Logic.py: Bridging the Gap between LLMs and Constraint Solvers
Pascal Kesseli, Peter O'Hearn, Ricardo Silveira Cabral
TL;DR
This work tackles the challenge of solving complex logical reasoning tasks with large language models by introducing Logic.py, a Python-based domain-specific language designed to express logic and search constraints succinctly. A dedicated Logic Agent translates informal problem descriptions into Logic.py formalisations and leverages a constraint solver via a libCST-translated CBMC backend, effectively combining LLM capabilities with symbolic reasoning. The approach achieves strong empirical gains on ZebraLogicBench, reaching over $90\%$ accuracy and delivering a $65\%$ absolute improvement over the $24.9\%$ baseline of LLama 3.1 70B, thereby demonstrating the power of DSL-grounded problem formalisation paired with external solvers.

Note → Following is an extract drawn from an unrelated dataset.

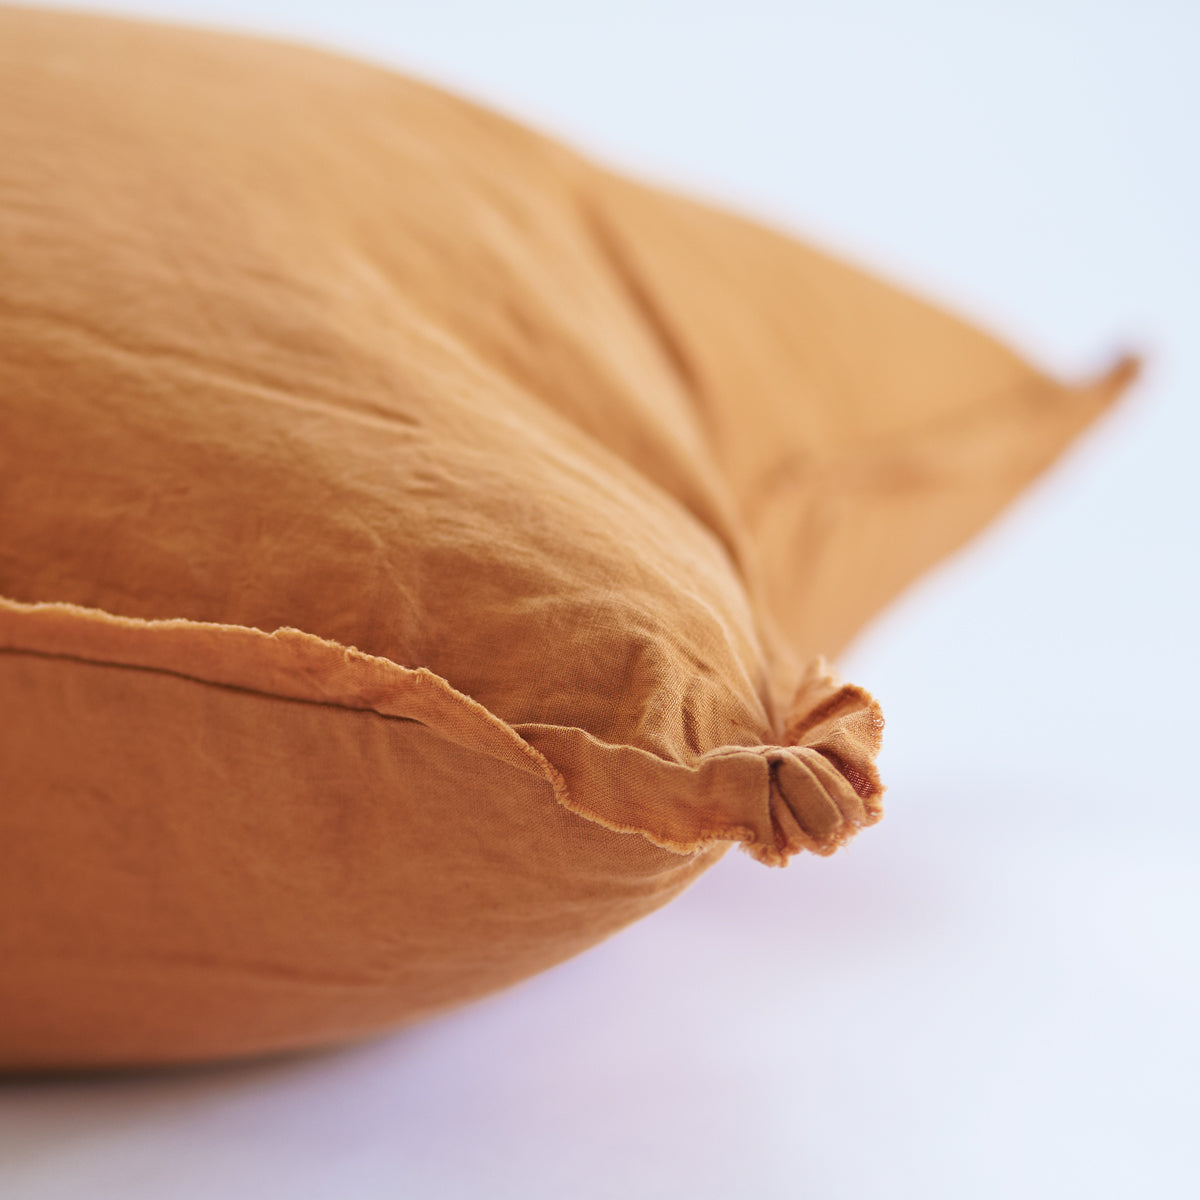 Linen Bedhead Cushion in Clay

This indicates significant potential for extending LLM-based problem solving to broader domains by grounding natural language in domain-specific formalisms and solver technology.
Abstract
We present a novel approach to formalise and solve search-based problems using large language models, which significantly improves upon previous state-of-the-art results. We demonstrate the efficacy of this approach on the logic puzzles benchmark ZebraLogicBench. Instead of letting the LLM attempt to directly solve the puzzles, our method prompts the model to formalise the problem in a logic-focused domain-specific language (DSL) called Logic.py. This formalised representation is then solved using a constraint solver, leveraging the strengths of both the language model and the solver. Our approach achieves a remarkable 65% absolute improvement over the baseline performance of Llama 3.1 70B on ZebraLogicBench, setting a new state-of-the-art with an accuracy of over 90%. This significant advancement demonstrates the potential of combining language models with domain-specific languages and auxiliary tools on traditionally challenging tasks for LLMs.